### Assignment
Search the records below for the line containing "- Some shades". Output that line and all later lines exactly; output nothing else.

Extracted records
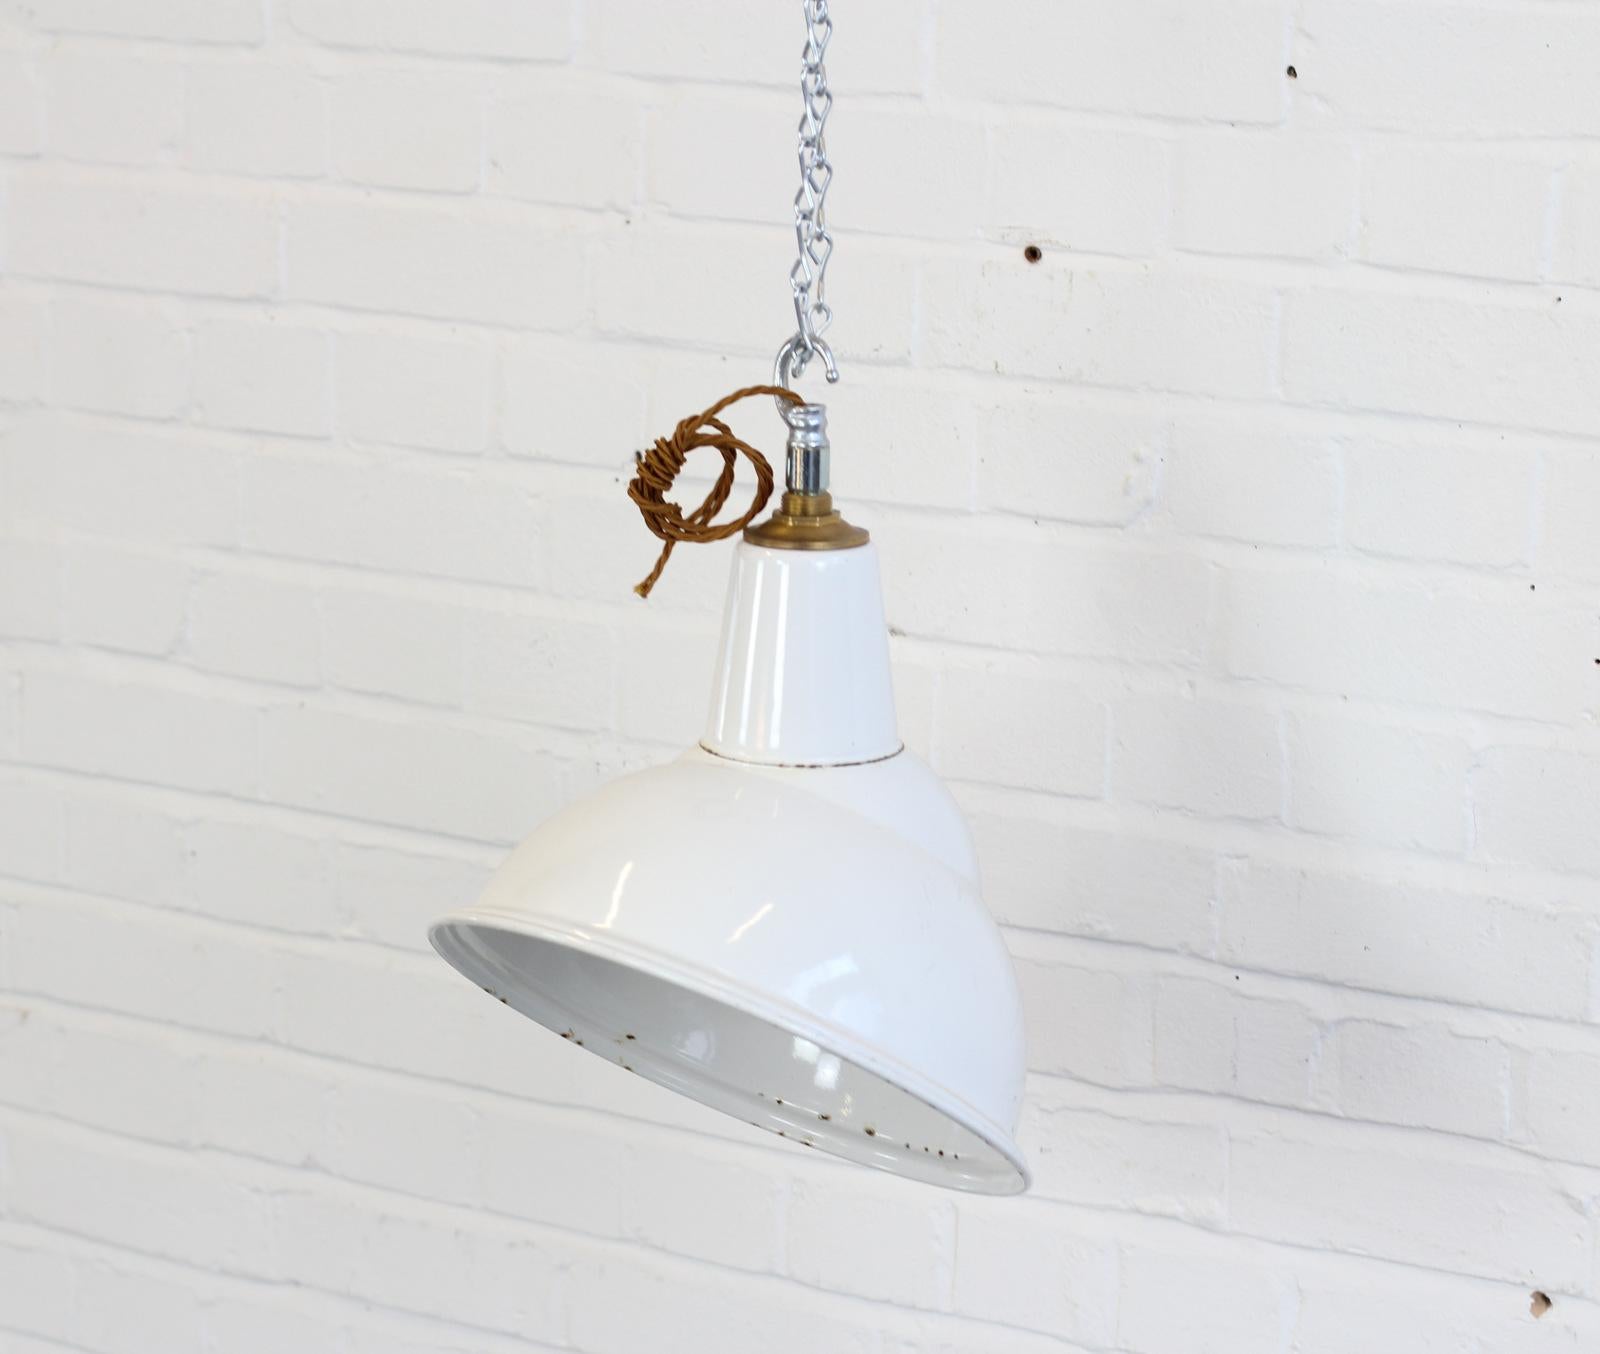 White Parabolic factory lights by Benjamin, circa 1950s

- Price is per light (13 available)
- Vitreous white enamel 
- Some shades still retain their original foil badges
- Comes with 100cm of gold twist cable
- Comes with 100cm of suspension

### Task solution
- Some shades still retain their original foil badges
- Comes with 100cm of gold twist cable
- Comes with 100cm of suspension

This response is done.